Directions for this task: From first line to last, copy the listing exactly and omit its pictures.

Data excerpt Block Start

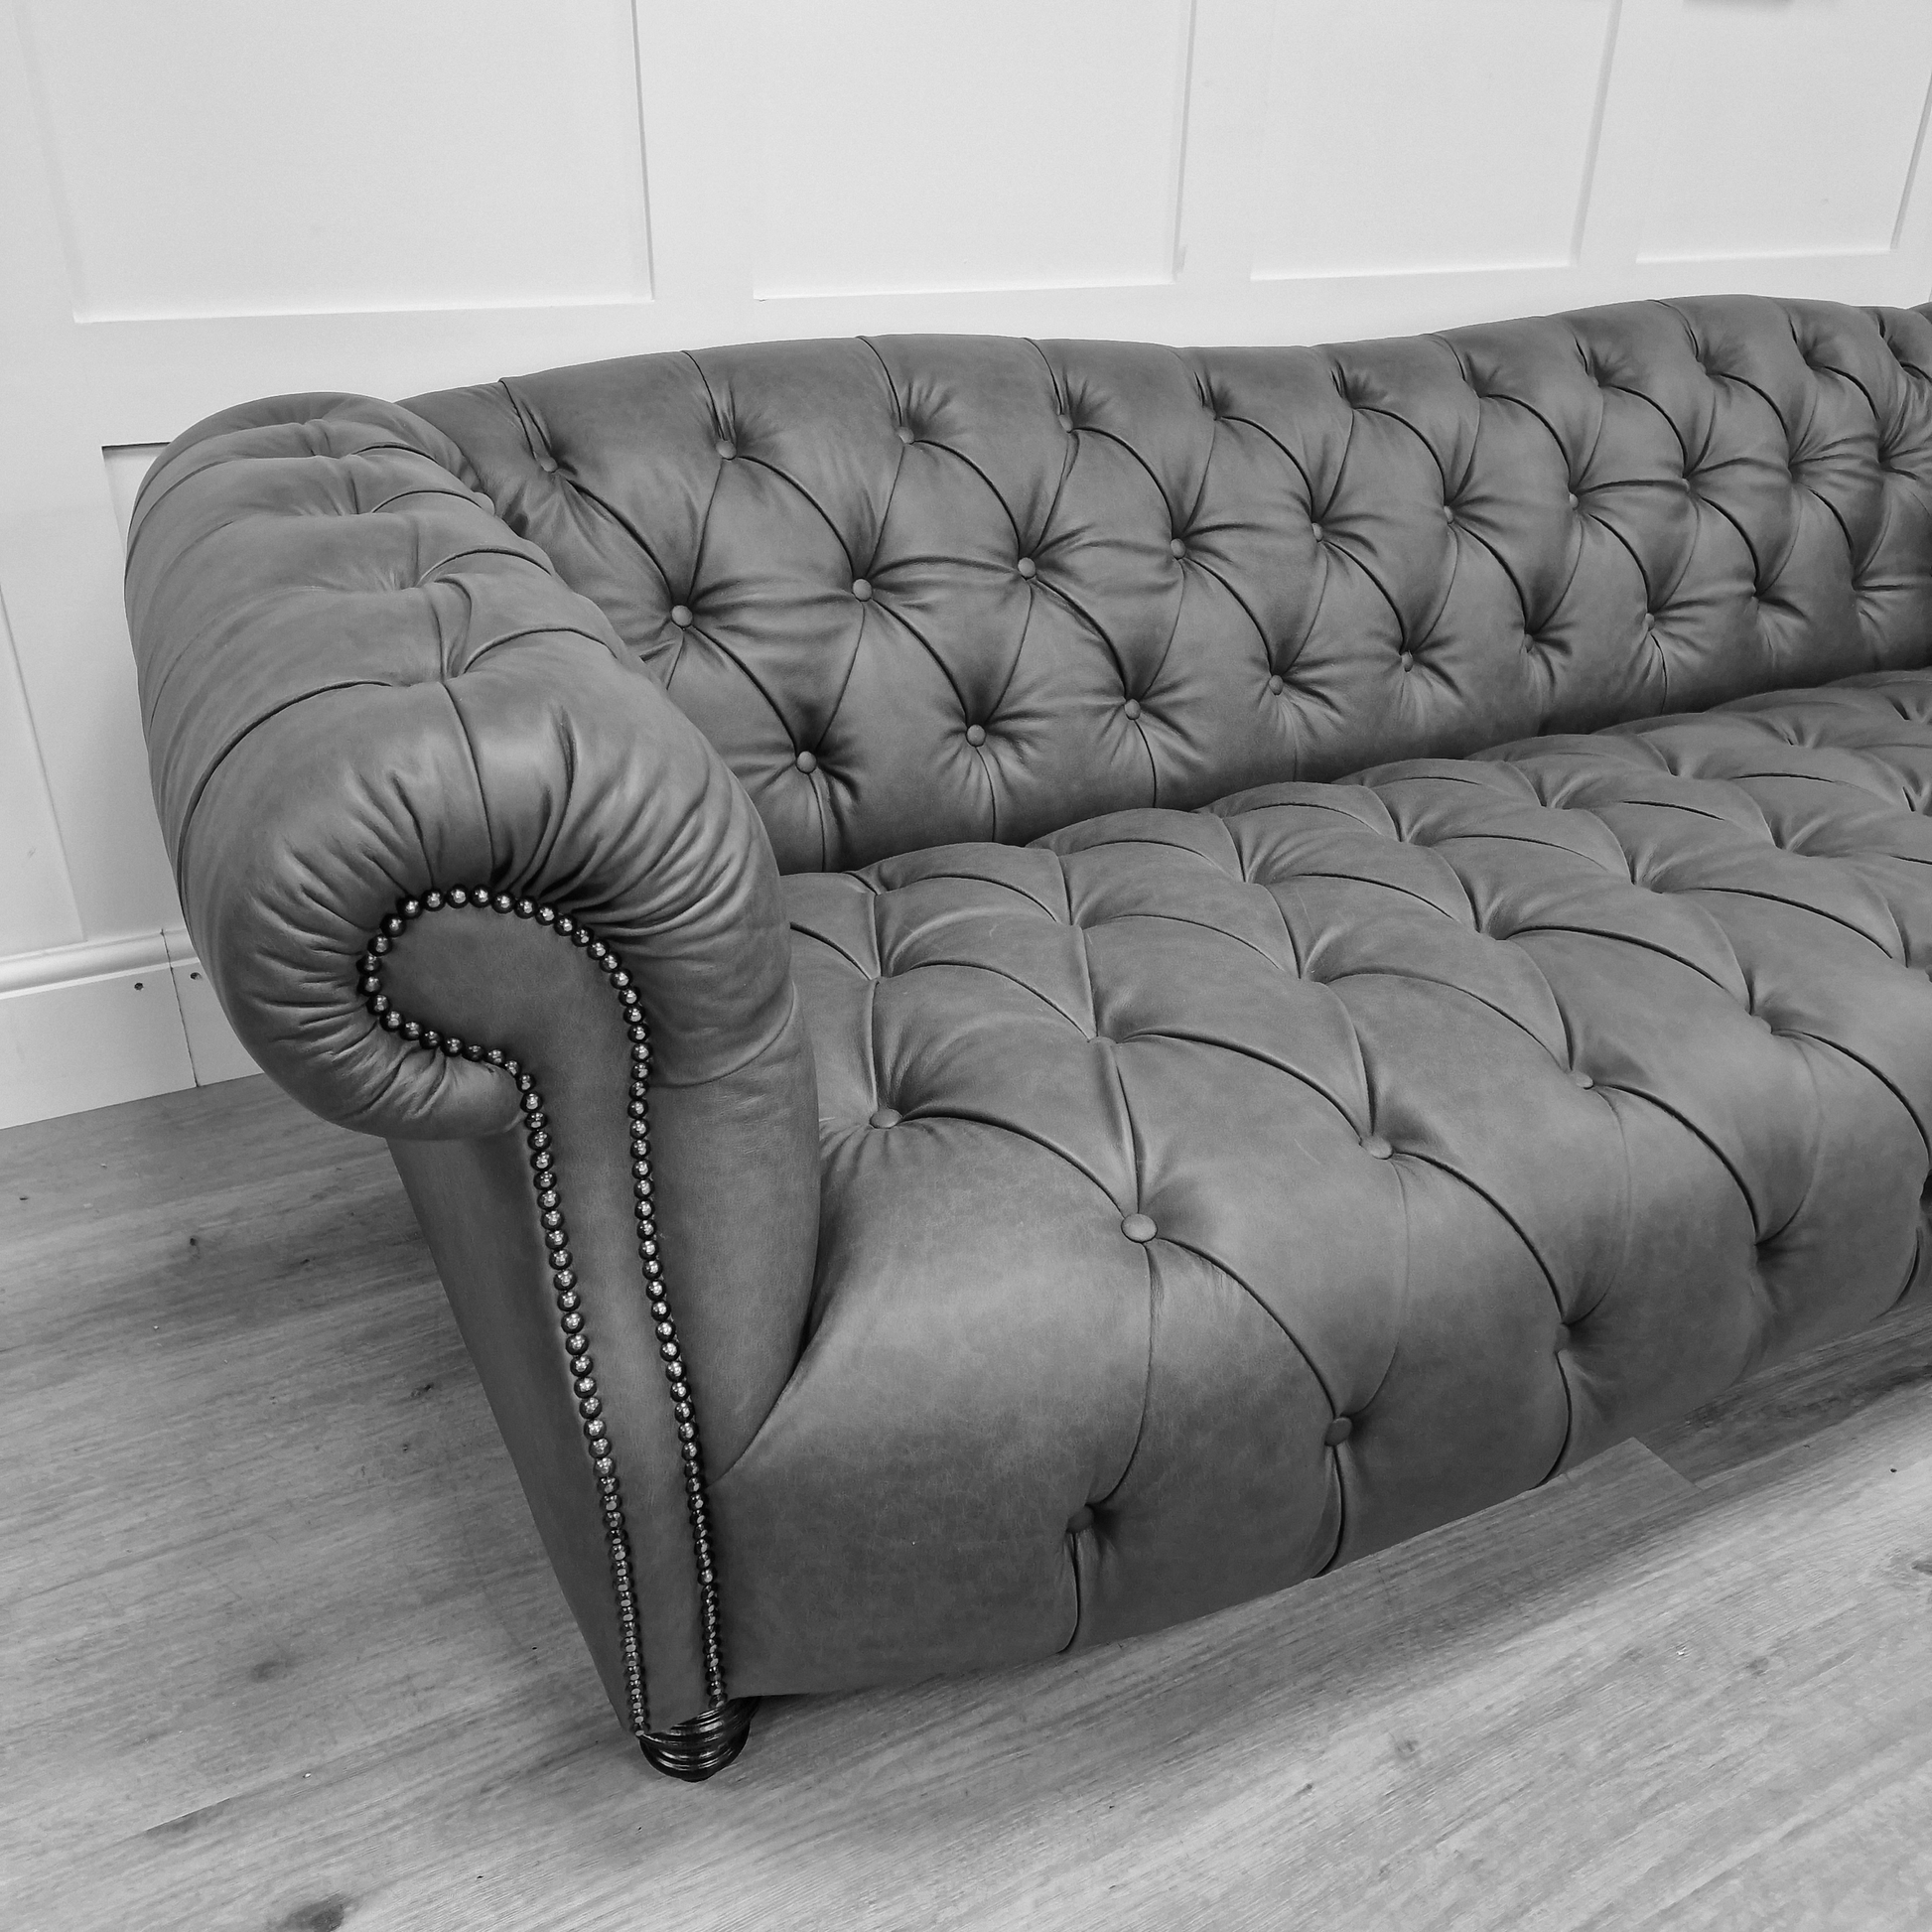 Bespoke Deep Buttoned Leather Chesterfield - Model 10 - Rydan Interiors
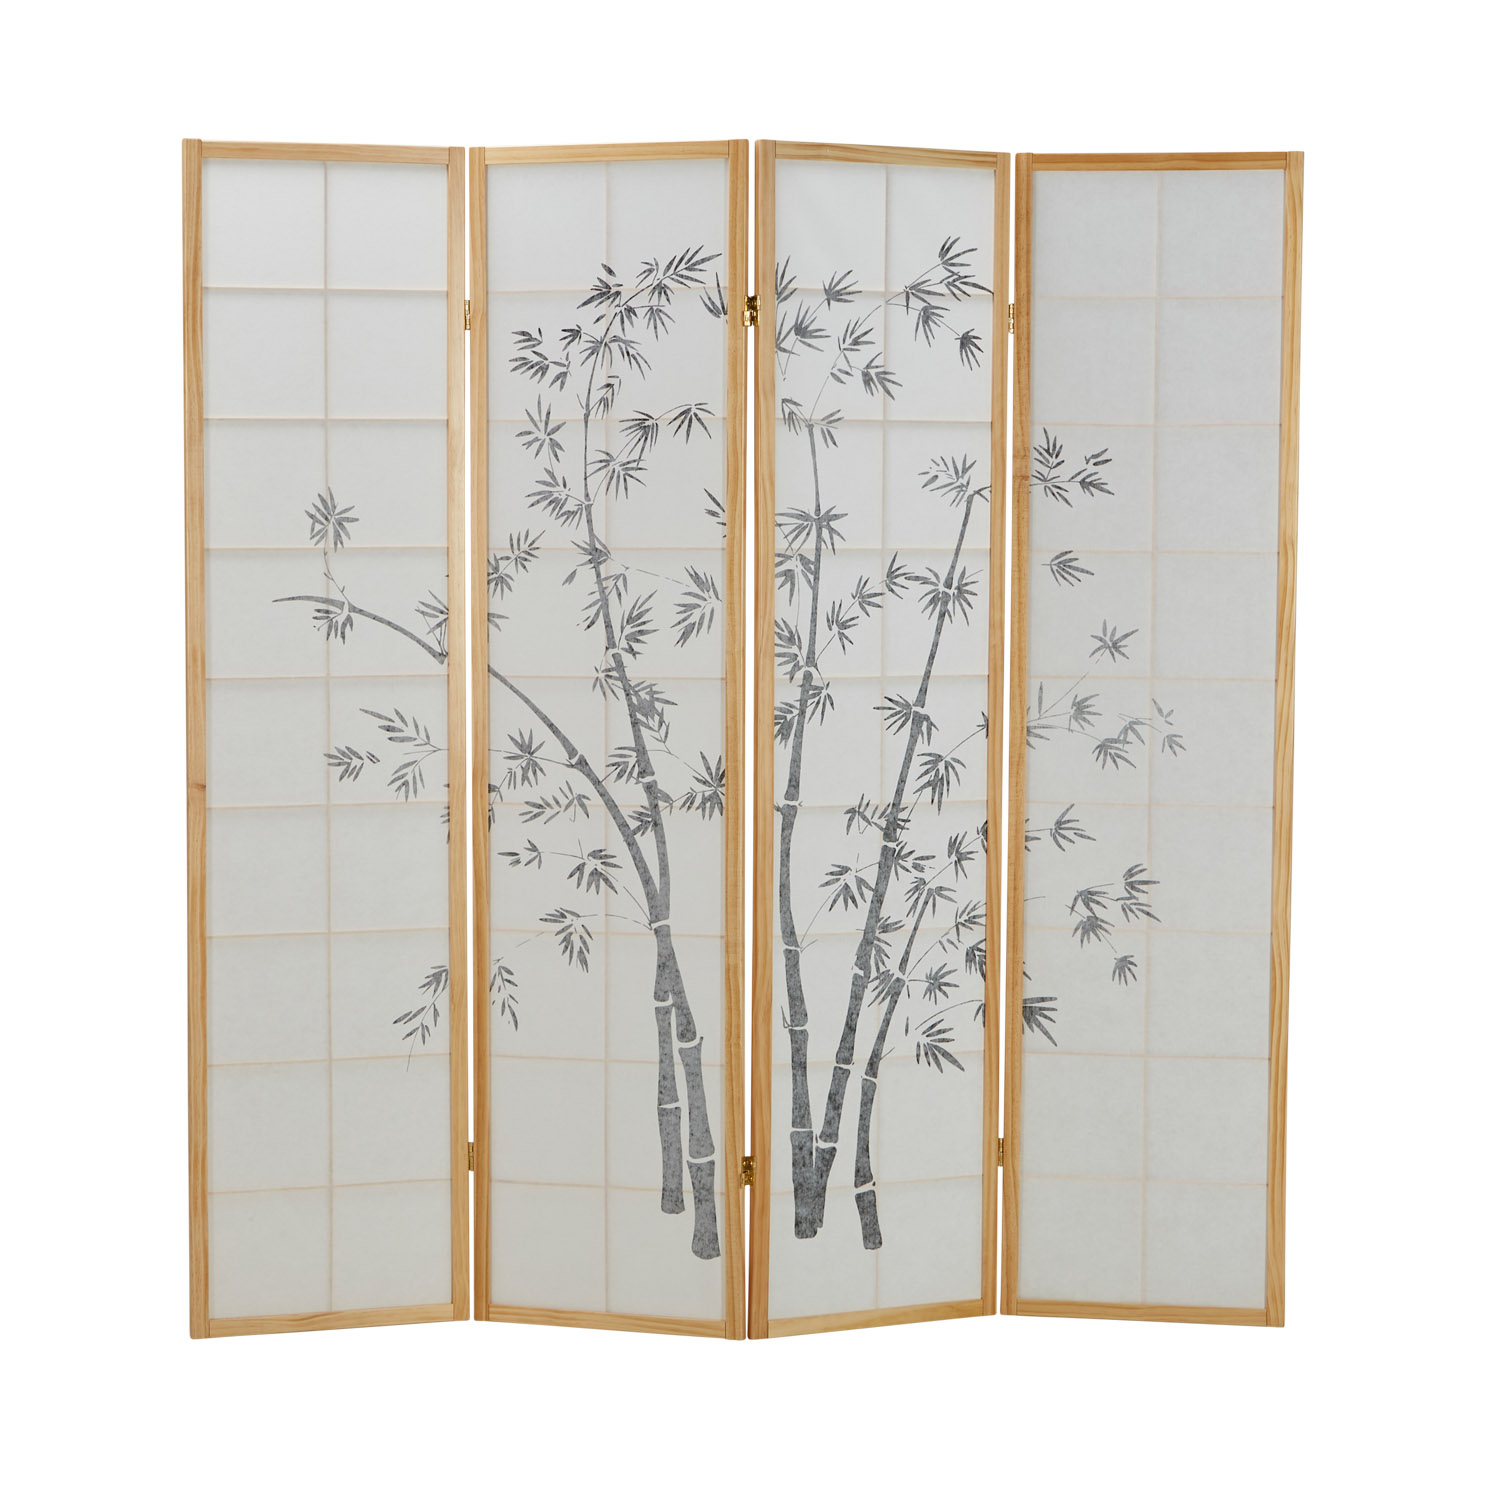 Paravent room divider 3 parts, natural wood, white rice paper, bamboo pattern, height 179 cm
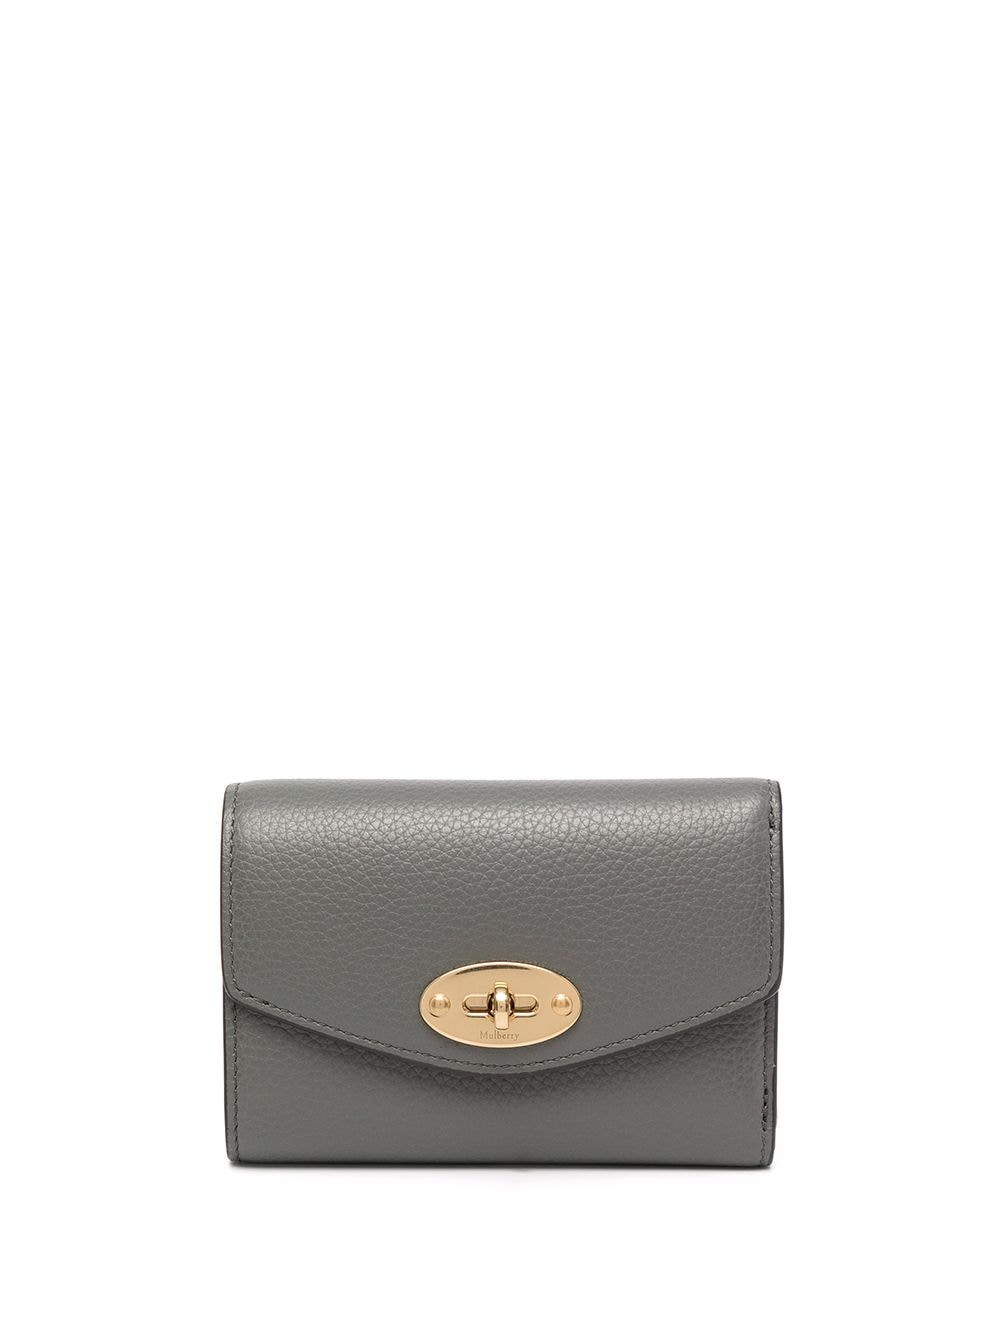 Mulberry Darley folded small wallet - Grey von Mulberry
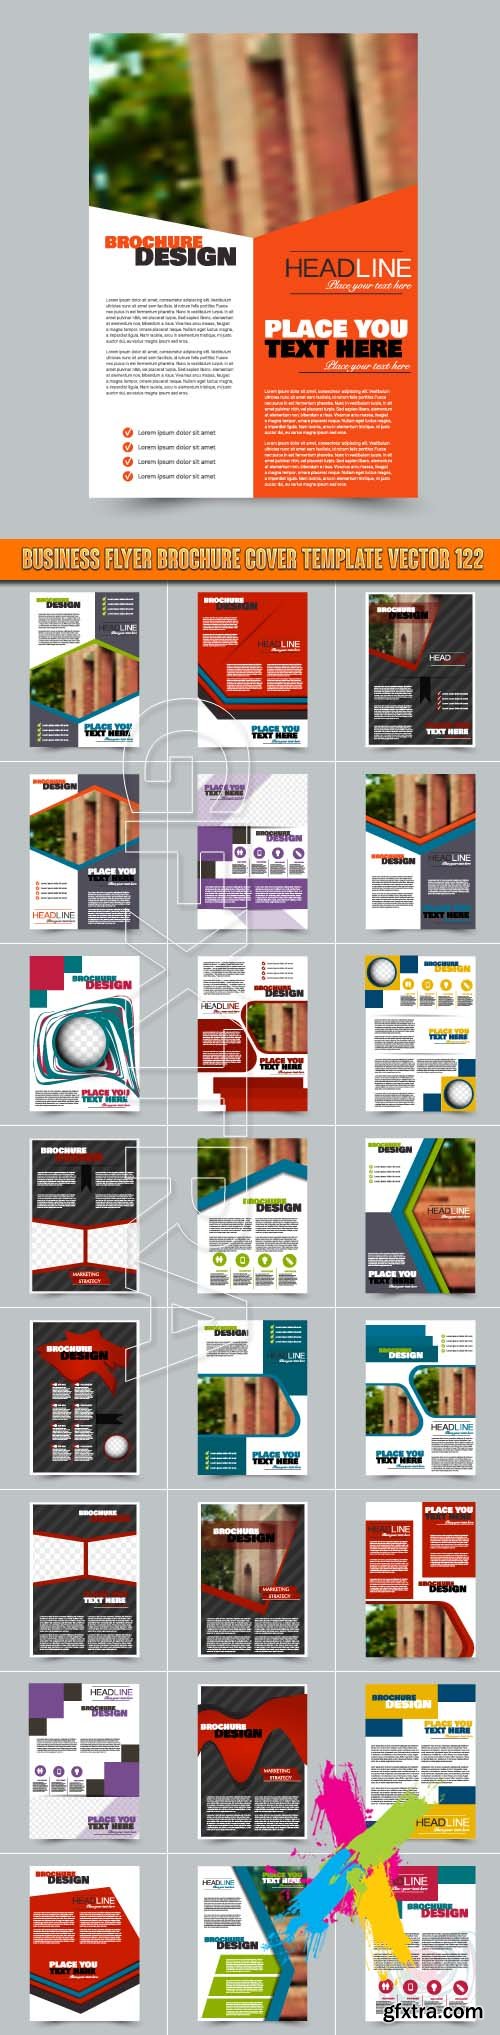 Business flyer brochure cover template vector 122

Data excerpt Block End

Response below:
 Bespoke Deep Buttoned Leather Chesterfield - Model 10 - Rydan Interiors
 Paravent room divider 3 parts, natural wood, white rice paper, bamboo pattern, height 179 cm
 Mulberry Darley folded small wallet - Grey von Mulberry
 Business flyer brochure cover template vector 122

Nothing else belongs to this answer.